In the AFIP they pointed out that the decision “is part of the different measures taken by the Government aimed at guaranteeing fiscal balance.” Although it is also added to the combo of provisions taken to discourage consumption in dollars in a context of strong shortage of reserves, such as the prohibition of financing in installments of trips abroad and purchases in free shops or “door to door”.
As explained by the Government, the measure will not have a considerable impact on the exchange balance, but it is about “making clear what the incentives are.” Something similar to what he sought last week when financing in installments in pesos for products purchased in duty-free stores was cut.
For its part, the Ministry of Economy and the one of Tourism analyze a mechanism for foreigners who travel to the country to settle foreign currency in the local market. “Today there is very little left in the legal market, most of them are exchanged at the tree. You have to look for them to be changed in the official market, ”explained a source. This would imply recognizing a more attractive formal exchange rate, with simple mechanics.
Flexibility
Seeking to provide signs of stability, the Government will announce a scheme to alleviate the restrictions currently in force for importers who want to access the Single Free Exchange Market. The news could be communicated after today’s meeting of the Central Bank’s board of directors. The focus will be on the merchandise that was ordered before the current limit began to apply and on low-cost products with a high impact on value chains.
Although fine-line details continue to be discussed, the entity recognized Ambit that “we have been working in an articulated way” with the Ministry of Productive Development and Economy to make the current system more flexible. “The idea is to do it during the second half of July and the first days of August. By September we should already be in a more normal scenario,” they explained.
as far as he could tell Ambit, The first steps point towards the merchandise that was ordered before June 27, when the Central officialized Communication 7532, and is currently in transit.
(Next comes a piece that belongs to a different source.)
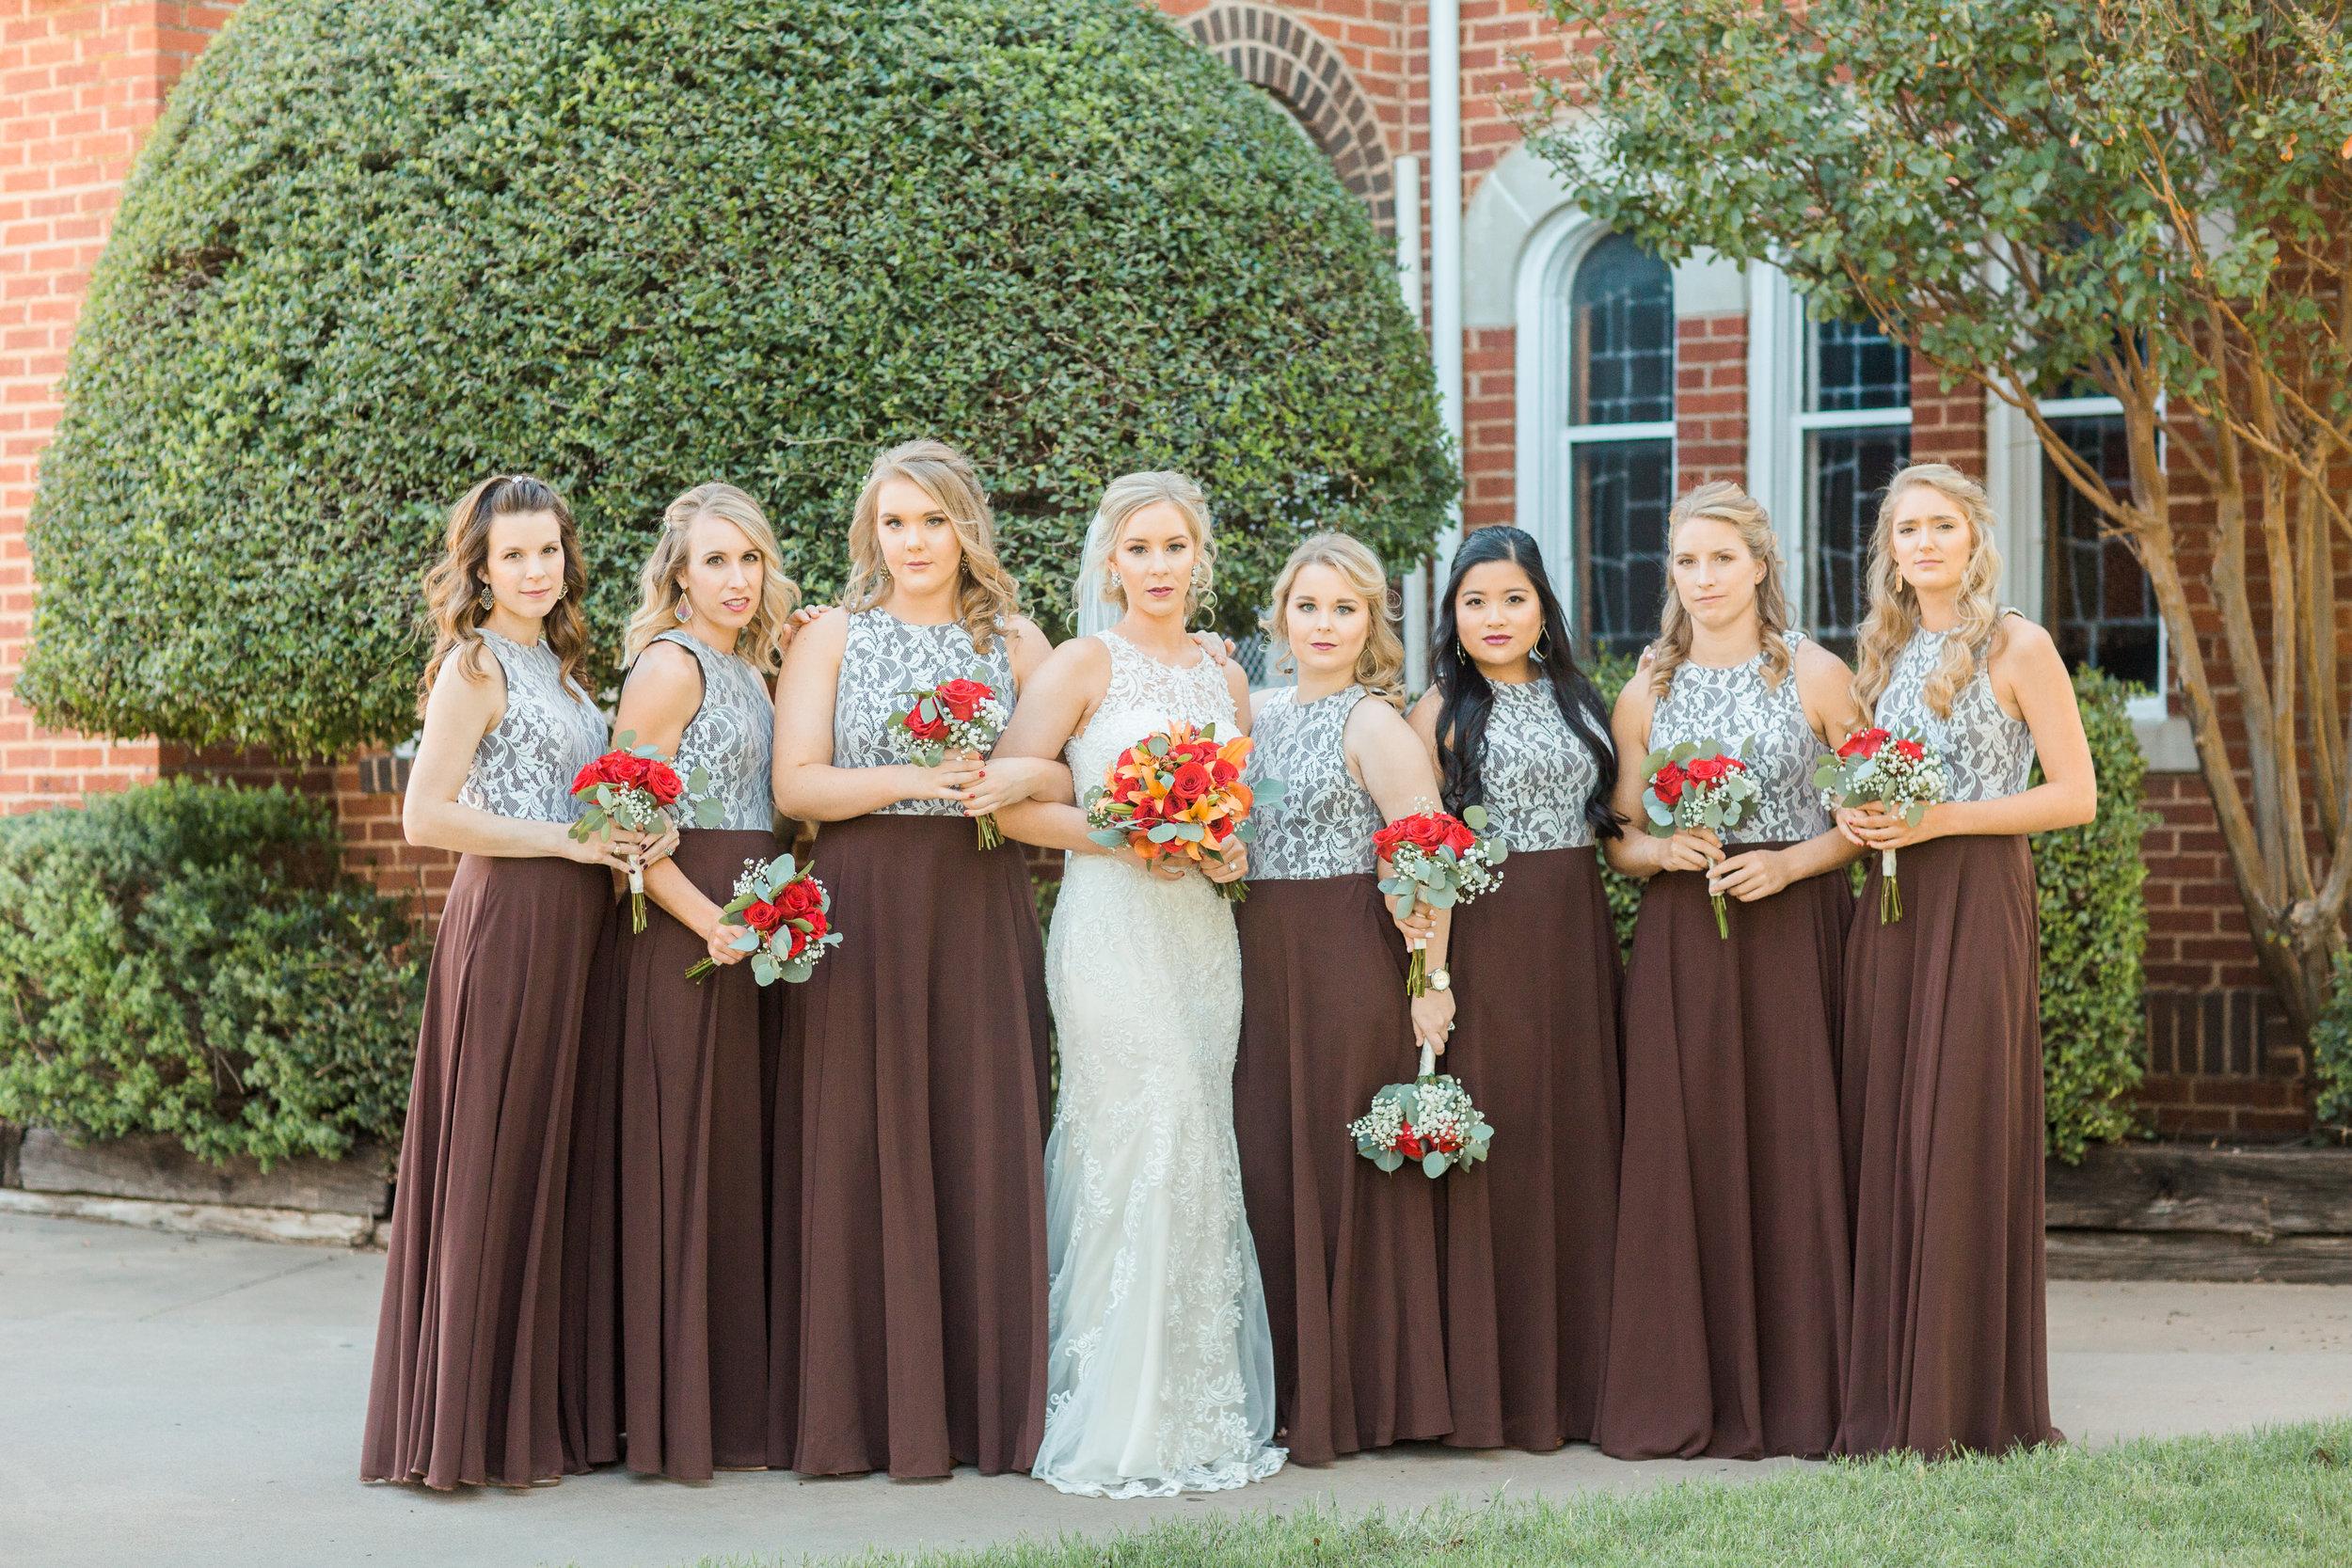 Bailey-Nathan-Windthorst-Texas-Wedding-021.jpg

At the same time, they seek to improve the conditions for access to low-cost inputs and high incidence in value chains. These two issues were specific requests from industries with weight in mass consumption to guarantee supply.
Yesterday, agrale, a manufacturer and marketer of trucks, buses and minibuses, notified its suppliers that it will put its production on hold: “Our financial area is in contact with several public and private organizations trying to unblock payment operations abroad, since during the last 10 days all the presentations were rejected by the Central Bank. We are awaiting a formal response on when this situation will be normalized”he maintained in a letter that was spread through social networks.
The financing of imports has been growing, but in any case, industrialists from various sectors still find it difficult to access credit. With this scenario, the economic cabinet analyzes a series of measures that could be announced imminently. According to official sources told this medium, the confirmation could arrive today after the BCRA board meeting.
Fees
This afternoon, the consumer price index for June will also be released. With this parameter and with the analysis of the result of the auction of debt in pesos carried out yesterday by the Treasury, the board of directors of the monetary entity will define whether to specify a new rate hike. So far in 2022, in every month the BCRA raised the reference rate (that of the 28-day Leliq) and that of fixed terms. But this time, although it is not a possibility, it is not certain that the same thing will happen.
It is that the intention of the economic cabinet, after the departure of Martín Guzmán and the assumption of Silvina Batakis in the Ministry of Economy, is to focus the rate increases on Treasury bonds to support the debt placements of the Ministry of Finance, one of the key objectives of the financial program. Yesterday there was already a sample in that sense, when the TNA of the Ledes to October increased 4 points.
Currently, the reference rate is 52% annual nominal and 66.5% annual effective.